▸ **EXTRACTED MATERIAL**
---

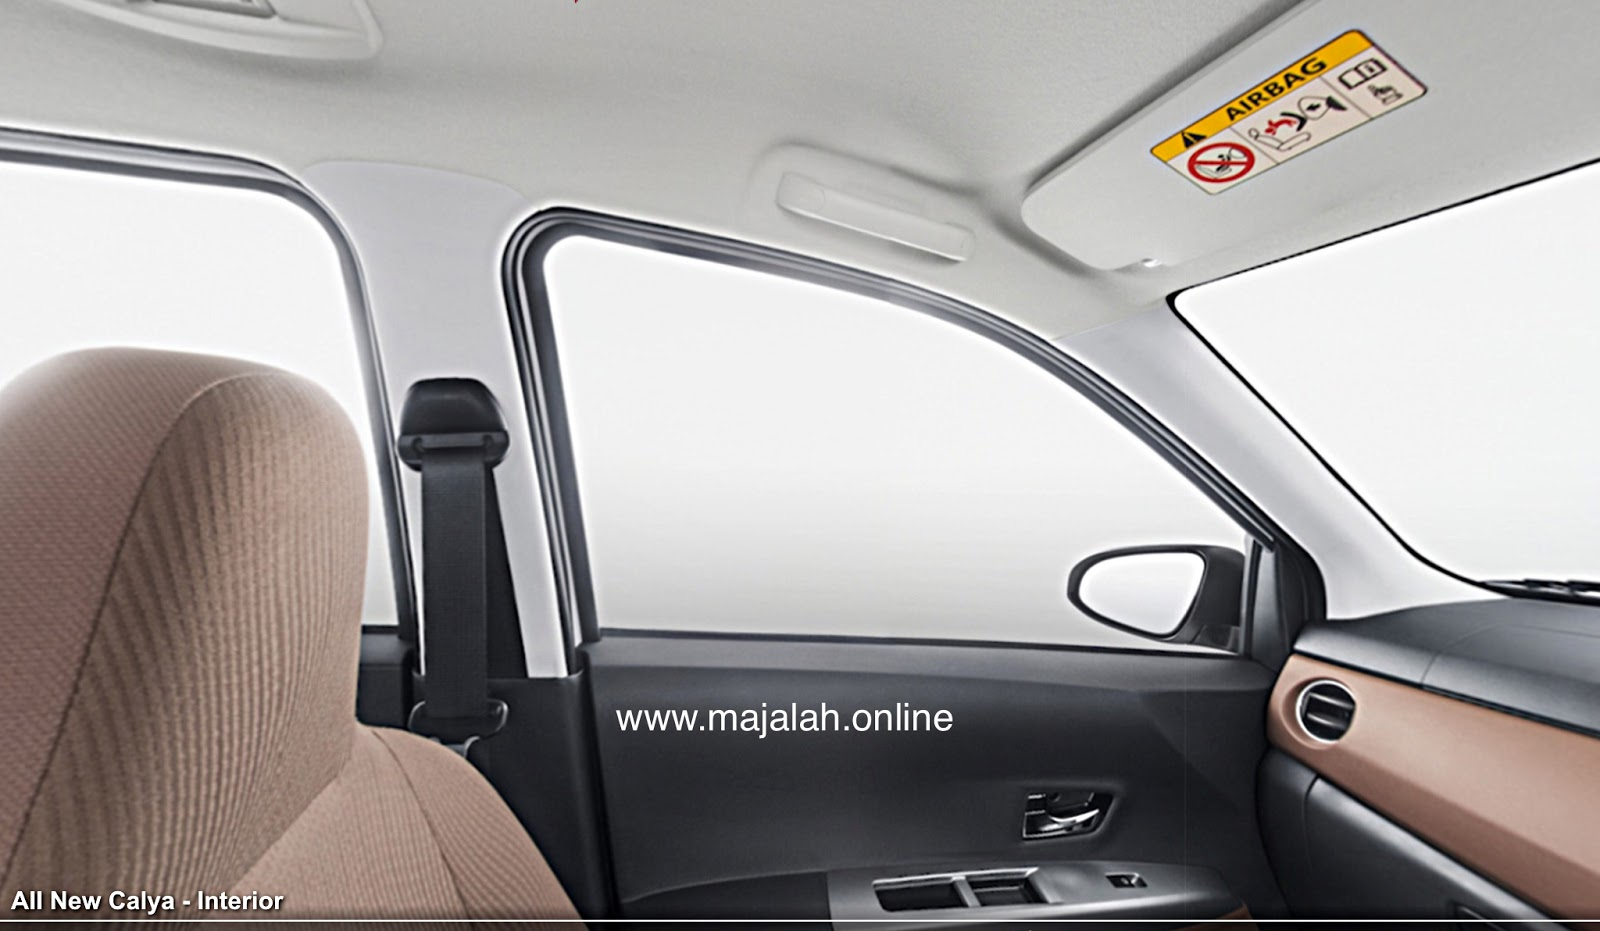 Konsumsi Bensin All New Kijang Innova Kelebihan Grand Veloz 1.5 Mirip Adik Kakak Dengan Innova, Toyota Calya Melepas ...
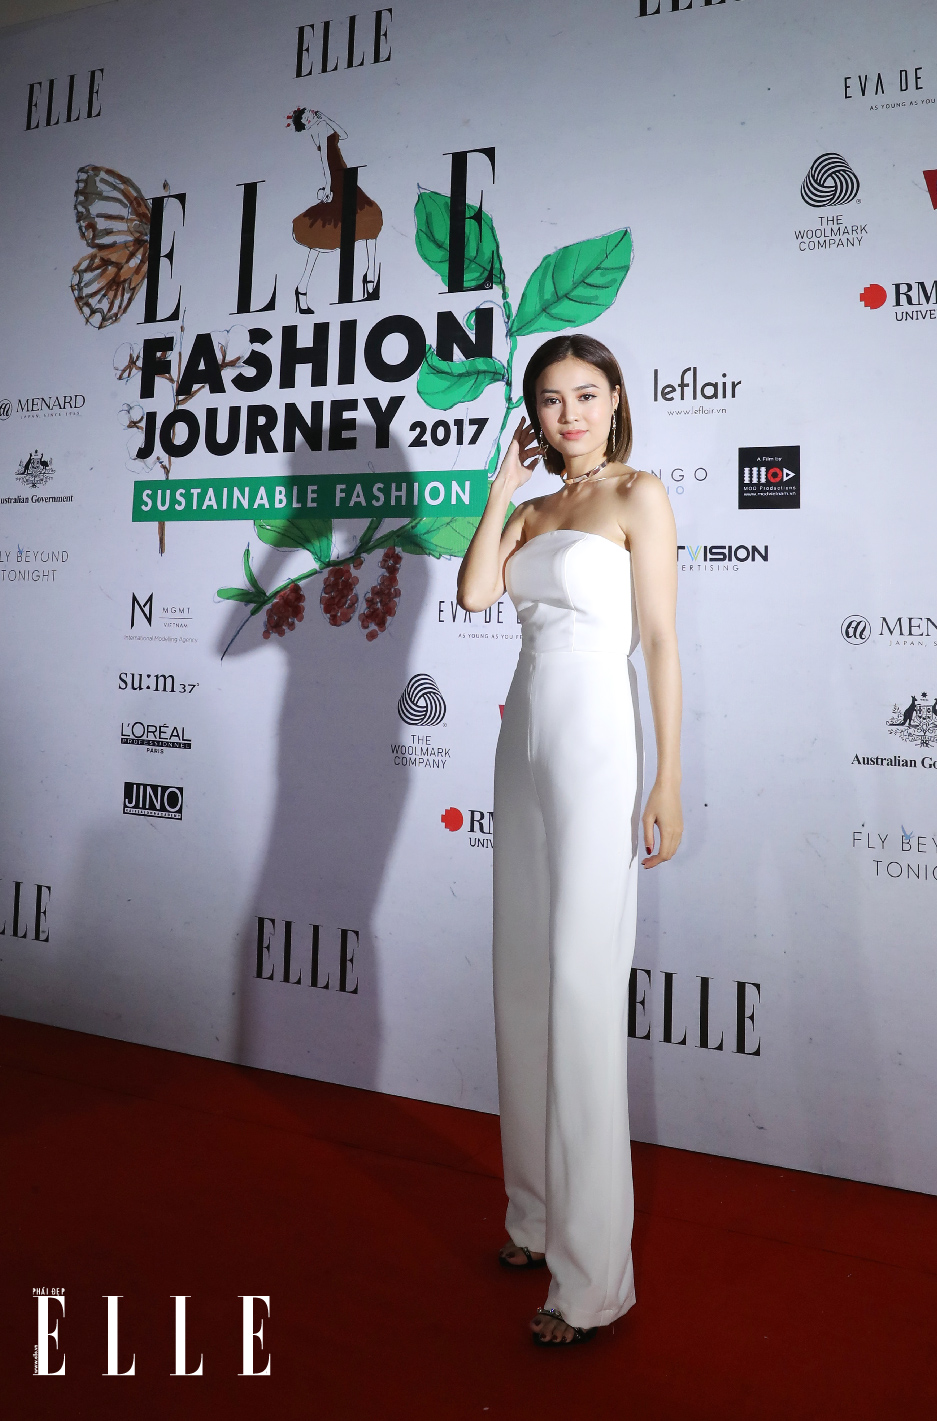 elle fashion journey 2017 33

---

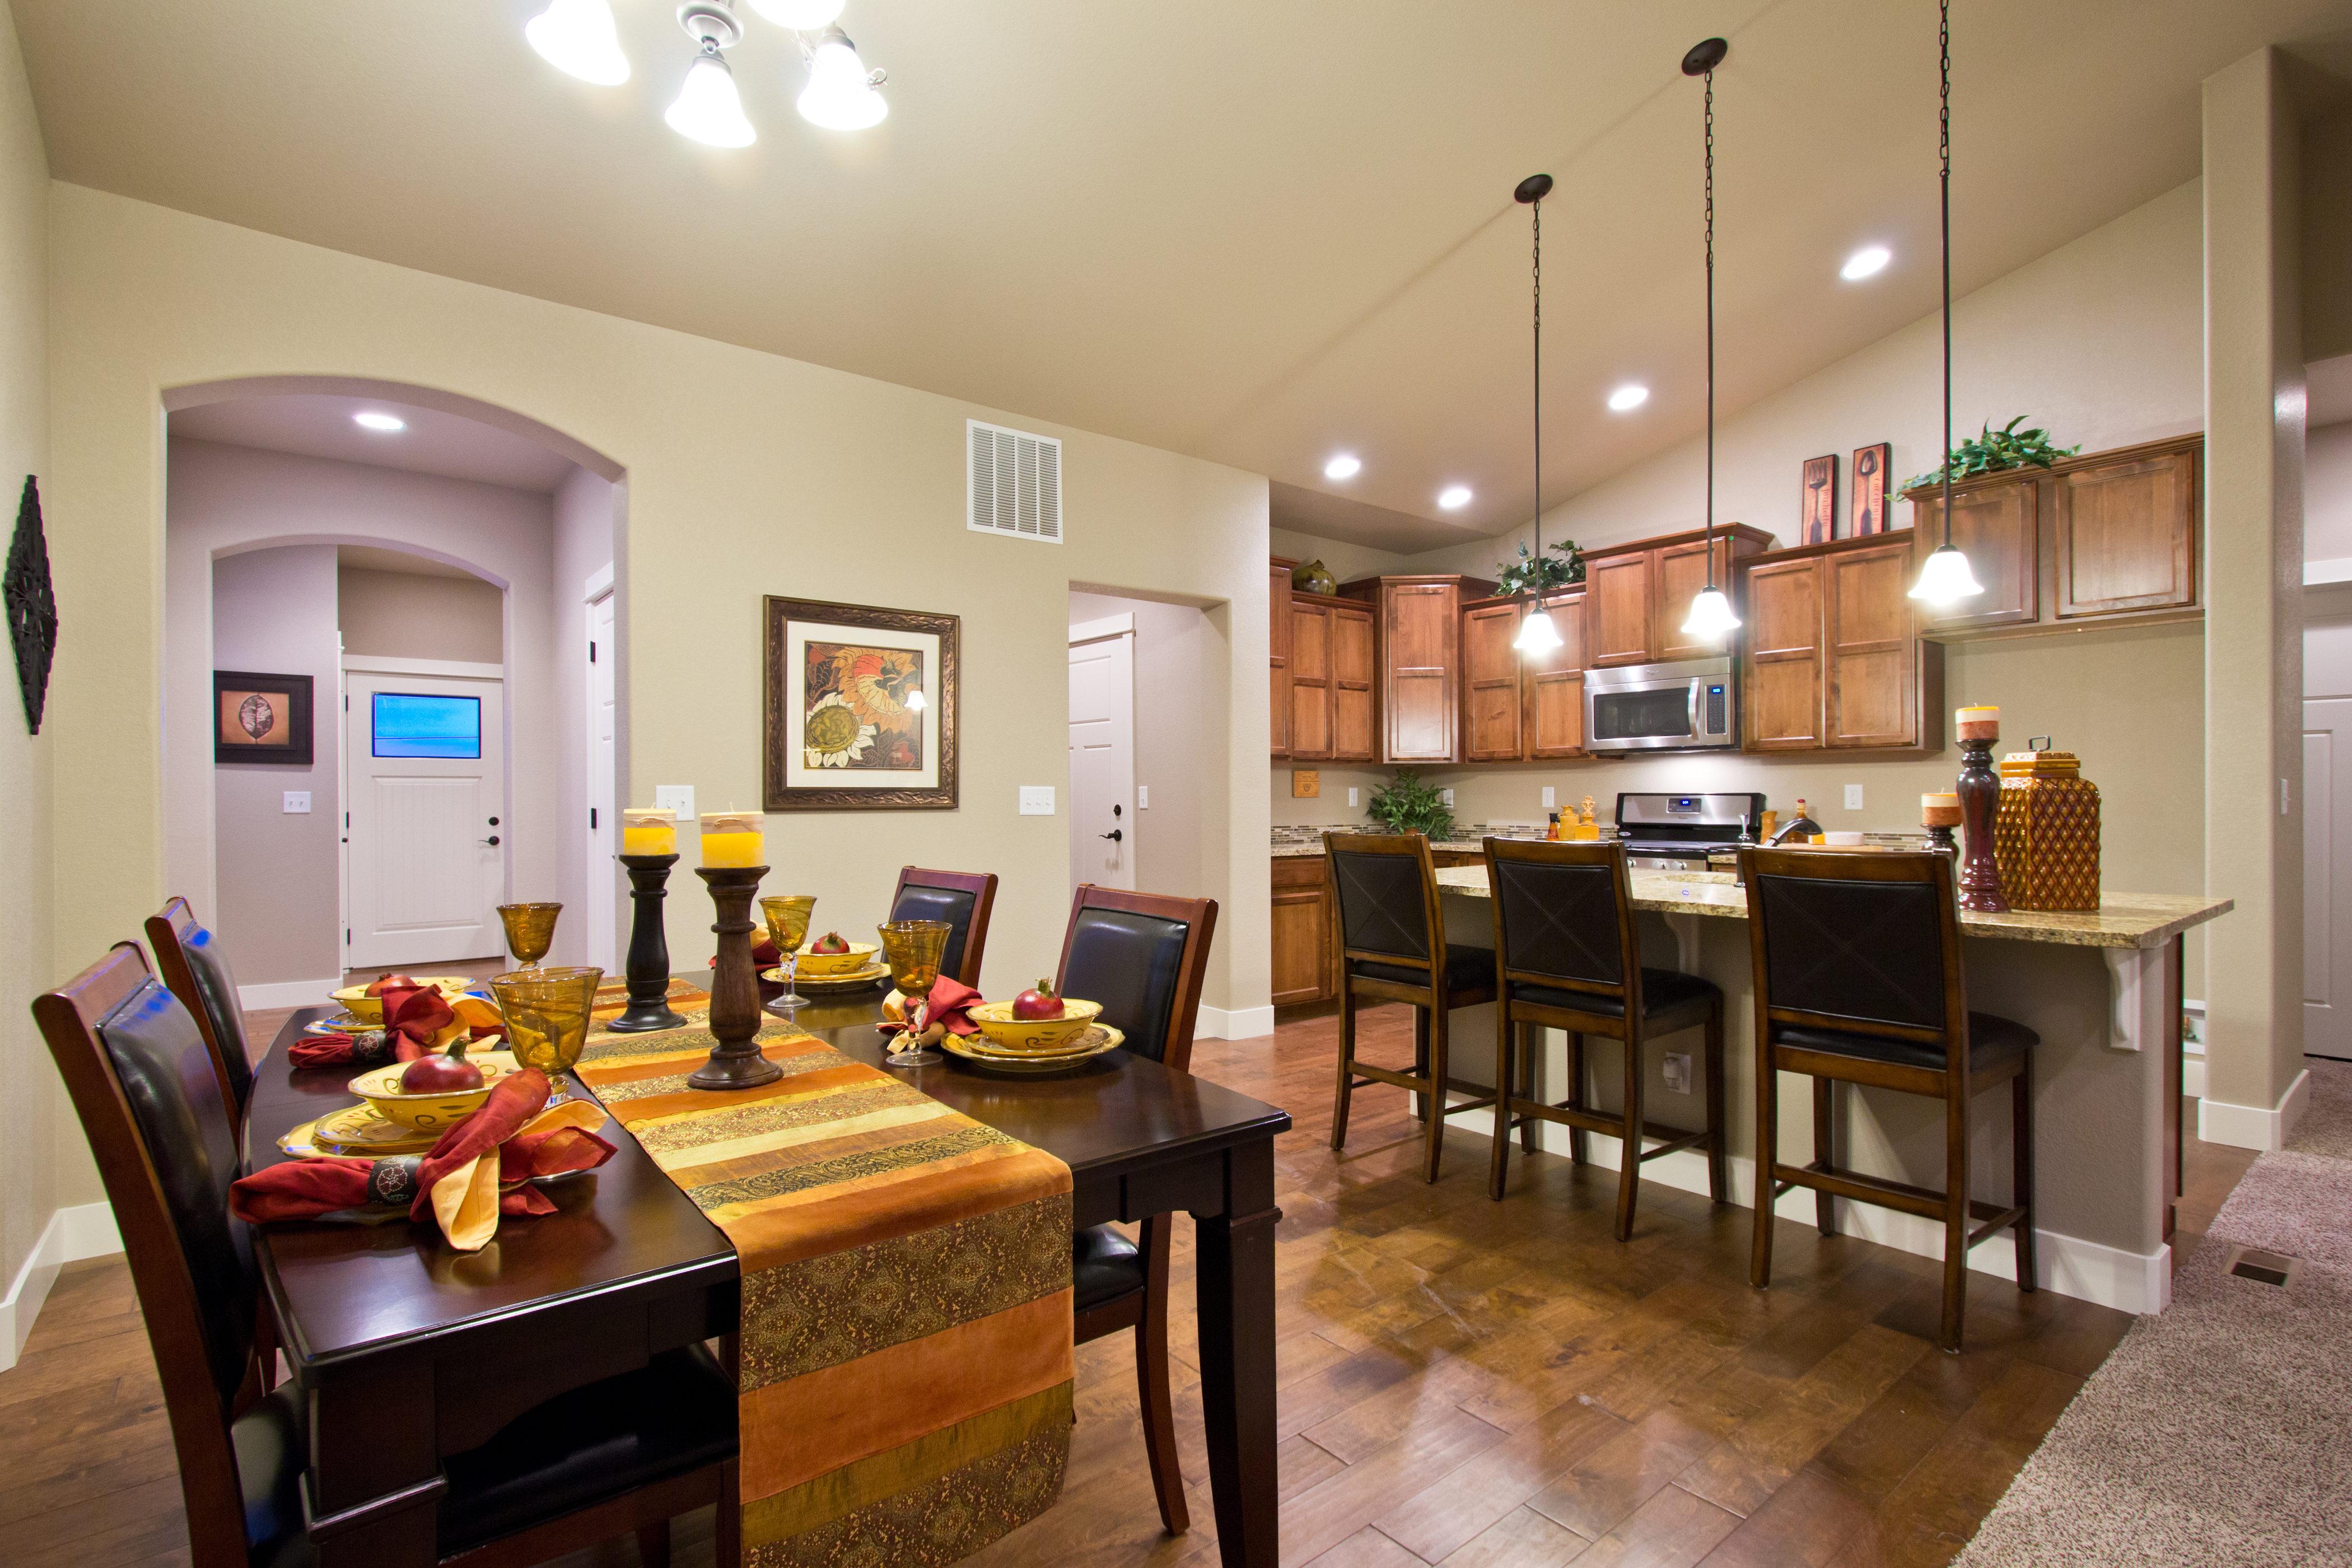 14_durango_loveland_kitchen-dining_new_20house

---

Each line above starting at the one holding "Konsumsi Bensin All" and ending at the one holding "elle fashion journey 2017 33" should be set down exactly as it stands, both ends included, with no pictures.

 Konsumsi Bensin All New Kijang Innova Kelebihan Grand Veloz 1.5 Mirip Adik Kakak Dengan Innova, Toyota Calya Melepas ...
 elle fashion journey 2017 33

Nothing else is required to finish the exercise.